TypeError: 'float' object cannot be interpreted as an integer

In [15]:
# Take first 5 elements of votes and costs
subset_votes = votes
subset_costs = costs

# Create a 2D array: 5 rows, 2 columns (each row: [vote_count, cost])
two_d_data = np.array([
    subset_votes,
    subset_costs
]).T  # transpose so that each row corresponds to a single restaurant

print("2D Array:\n", two_d_data)
print("Shape:", two_d_data.shape)
print("Dimensions:", two_d_data.ndim)
print("Size:", two_d_data.size)

2D Array:
 [['775' "'800.0'"]
 ['787' "'800.0'"]
 ['918' "'800.0'"]
 ['88' "'300.0'"]
 ['166' "'600.0'"]
 ['286' "'600.0'"]
 ['2556' "'600.0'"]
 ['324' "'700.0'"]
 ['504' "'550.0'"]
 ['402' "'500.0'"]]
Shape: (10, 2)
Dimensions: 2
Size: 20


In [21]:
votes.shape

(10,)

In [22]:
print("Column dtype before conversion:", costs.dtype)

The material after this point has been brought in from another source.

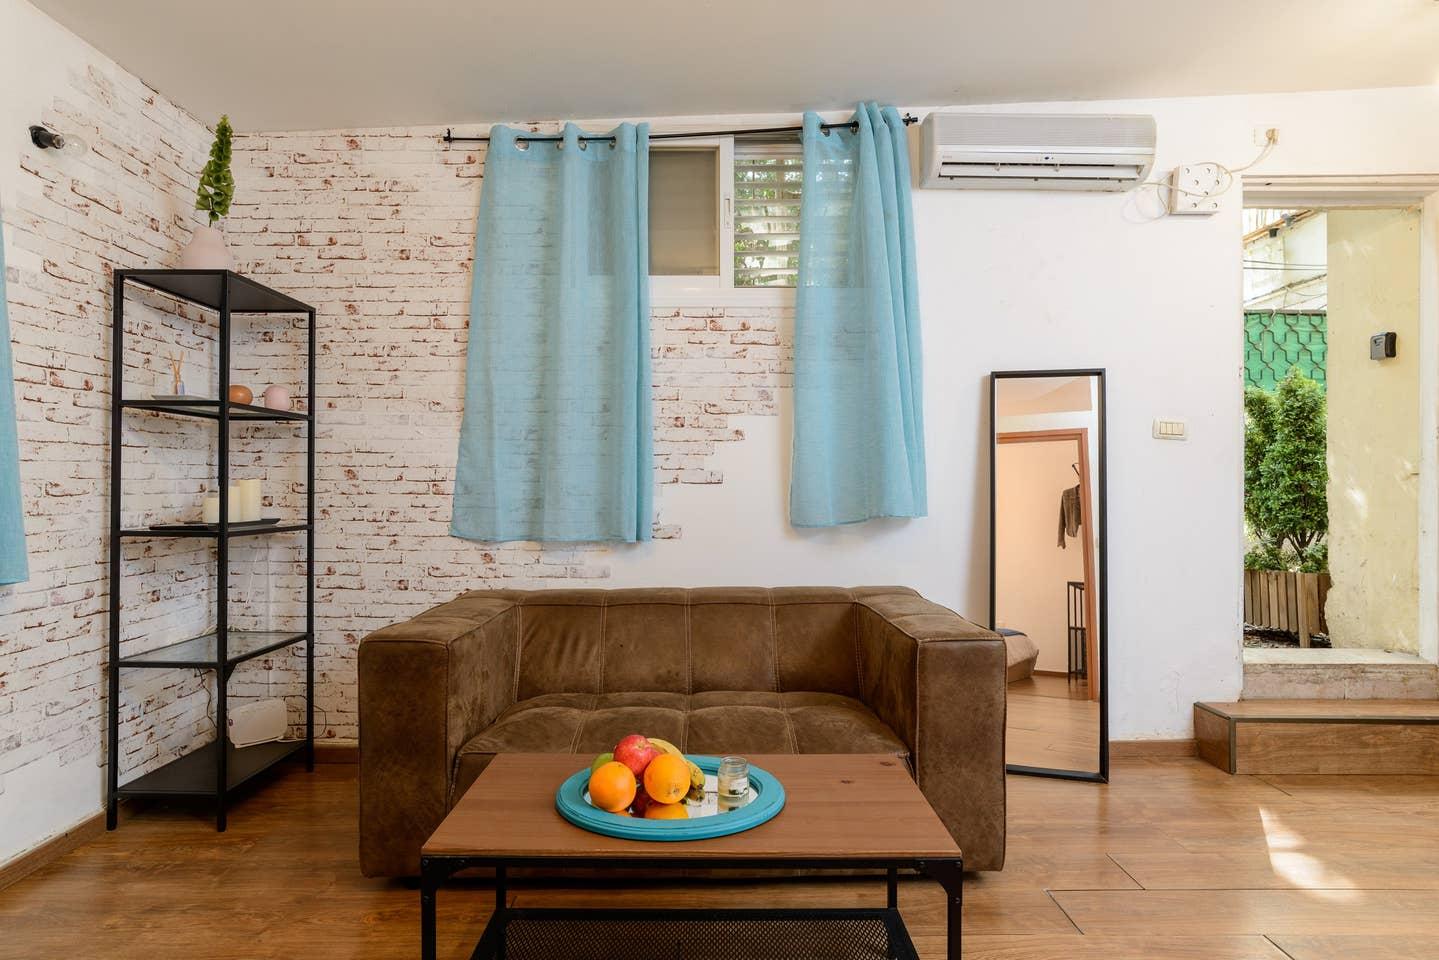 Designed apartment on Frishman Tlv photo 26055854

Column dtype before conversion: <U7


In [23]:
print("Column dtype before conversion:", votes.dtype)

Column dtype before conversion: int64


In [24]:
costs = np.char.replace(costs, ',', '')  # Remove commas np.char is similar to str.replace we use in python
costs = np.char.replace(costs, "'", '')  # Remove single quotes

# STEP 3: Convert the cleaned strings to float
costs = costs.astype(float)

# STEP 4: Confirm the dtype
print("Array dtype after conversion:", costs.dtype)
print("Cleaned costs:", costs)

Array dtype after conversion: float64
Cleaned costs: [800. 800. 800. 300. 600. 600. 600. 700. 550. 500.]


In [25]:
mixed_data = np.array([100, '200', 300, 'Hundred'])
print("Mixed data array:", mixed_data)
print("Mixed data dtype:", mixed_data.dtype)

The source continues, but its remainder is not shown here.